Learn how to fine-tune & deploy open models like Llama 3.1 directly from your dataset using [Nebius Token Factory](https://dub.sh/nebius), an all-in-one platform for working with large language models (LLMs).

Before you begin, get your API key from the [Dashboard](https://tokenfactory.nebius.com/?modals=create-api-key).

Press Runtime → Run all to start fine-tuning on a free Google Colab instance.

## Step 1: Installation & Setup

In [None]:
!pip install -qq openai datasets

Before running, store your key in Colab Variables as `NEBIUS_API_KEY` or export it as an environment variable.





In [None]:
import os, json, time
from openai import OpenAI
from datasets import load_dataset
import requests

try:
    from google.colab import userdata
    nebius_api_key = userdata.get('NEBIUS_API_KEY')
except Exception:
    nebius_api_key = os.getenv("NEBIUS_API_KEY")

assert nebius_api_key, "⚠️ Please set your NEBIUS_API_KEY via Colab or environment."

client = OpenAI(
    base_url="https://api.tokenfactory.nebius.com/v1/",
    api_key=nebius_api_key,
)


## Step 2: Prepare your dataset

Fine-tuning works best with conversational data (the OpenAI-style format with messages).
We’ll use a sample [dataset](https://huggingface.co/datasets/olathepavilion/Conversational-datasets-json)  from Hugging Face to keep things simple.

You can learn more about preparing DataSets [here](https://docs.tokenfactory.nebius.com/fine-tuning/datasets)

In [None]:
dataset = load_dataset("olathepavilion/Conversational-datasets-json", split="train")

formatted_data = [{"messages": entry["messages"]} for entry in dataset]

data_path = "training_data.jsonl"
with open(data_path, "w", encoding="utf-8") as f:
    for ex in formatted_data:
        f.write(json.dumps(ex, ensure_ascii=False) + "\n")

print(f"Saved {len(formatted_data)} samples to {data_path}")

The secret `HF_TOKEN` does not exist in your Colab secrets.
To authenticate with the Hugging Face Hub, create a token in your settings tab (https://huggingface.co/settings/tokens), set it as secret in your Google Colab and restart your session.
You will be able to reuse this secret in all of your notebooks.
Please note that authentication is recommended but still optional to access public models or datasets.


README.md:   0%|          | 0.00/27.0 [00:00<?, ?B/s]

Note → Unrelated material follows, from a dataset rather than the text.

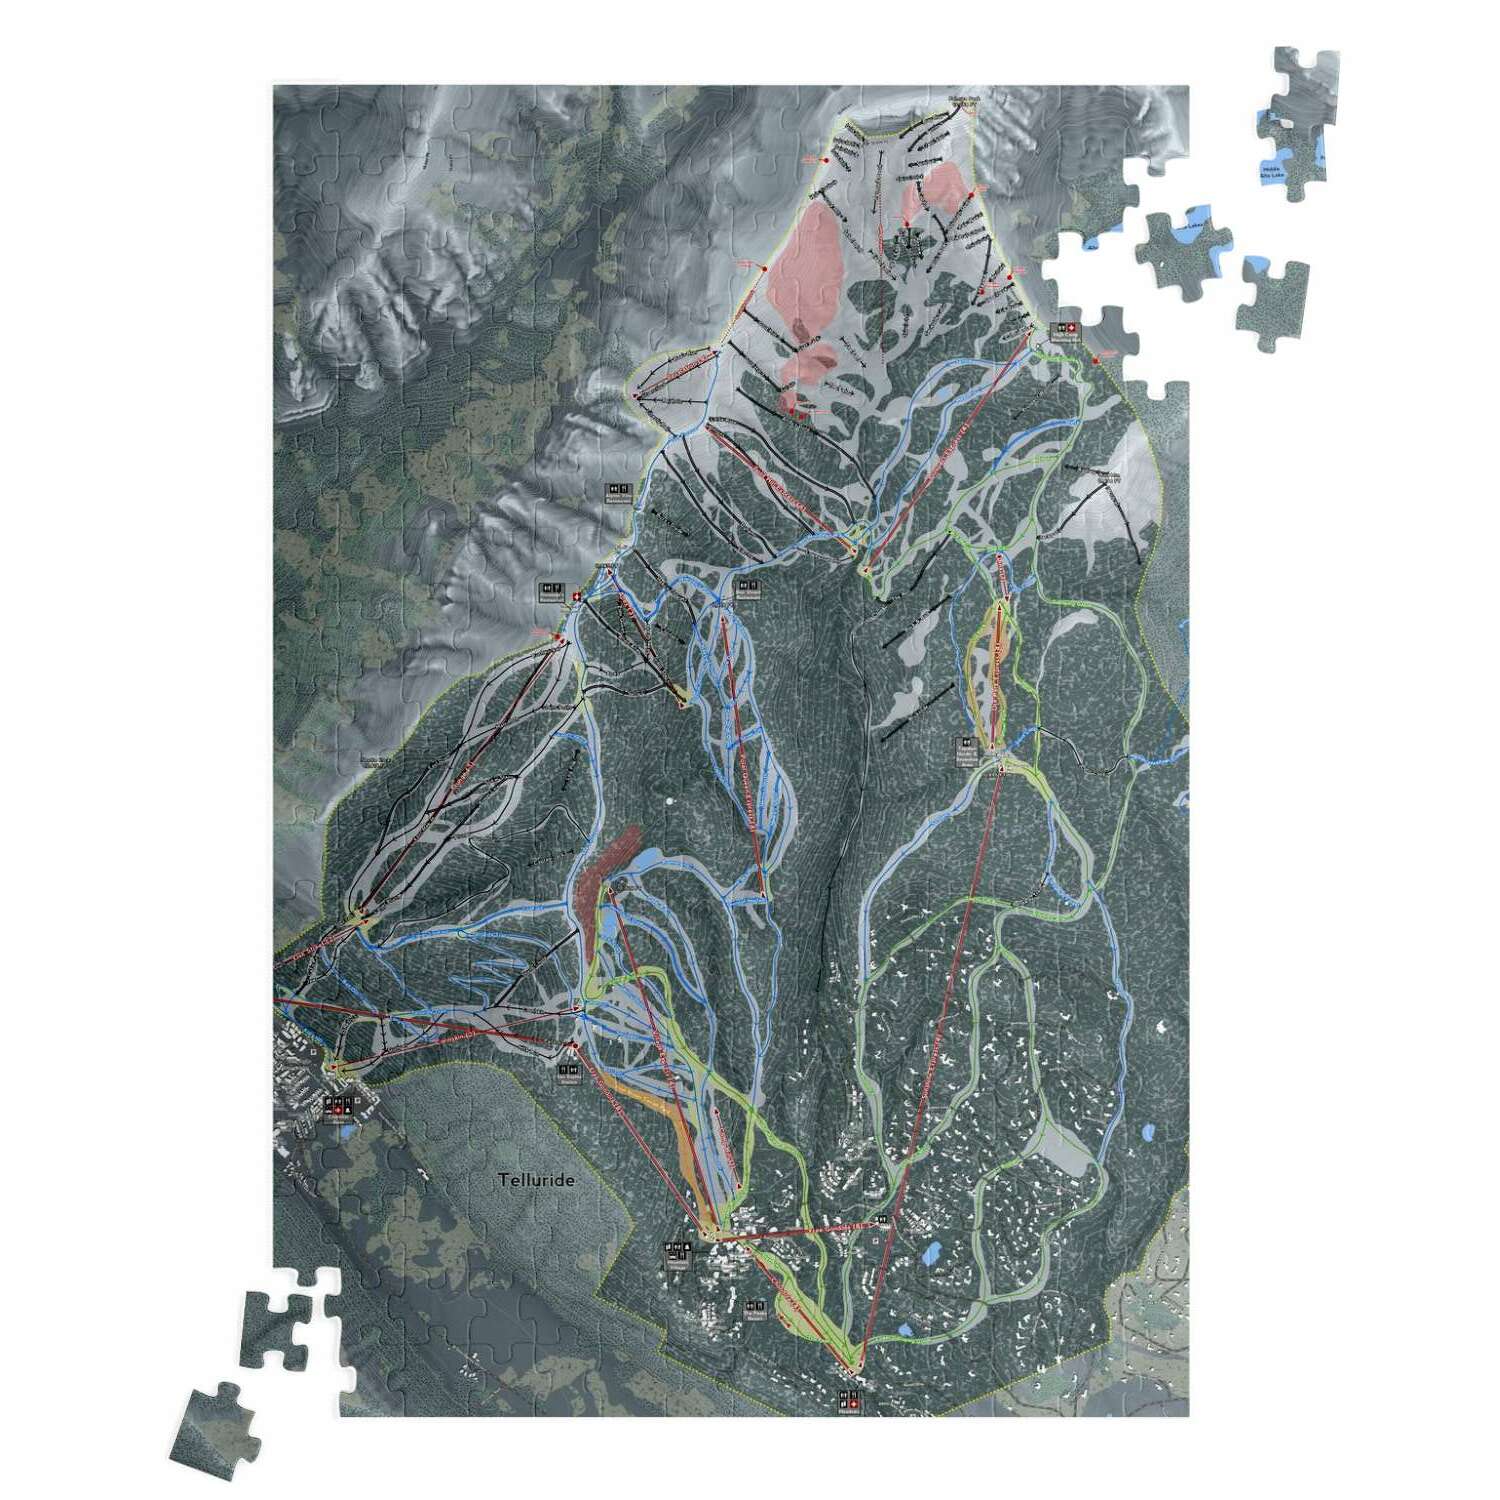 Telluride, Colorado Ski Trail Map Puzzle - Powderaddicts

Validation.jsonl: 0.00B [00:00, ?B/s]

Generating train split:   0%|          | 0/1000 [00:00<?, ? examples/s]

Saved 1000 samples to training_data.jsonl


## Step 3: Upload your dataset to Token Factory

Next, we’ll upload the dataset so Nebius can access it for training.

In [None]:
with open(data_path, "rb") as f:
    upload = client.files.create(file=f, purpose="fine-tune")

training_file_id = upload.id
print("Uploaded file ID:", training_file_id)

Uploaded file ID: file-019a635b-2dca-7a23-92b3-74646ebf092a


Keep that `training_file_id` handy, it’s used in the fine-tuning request.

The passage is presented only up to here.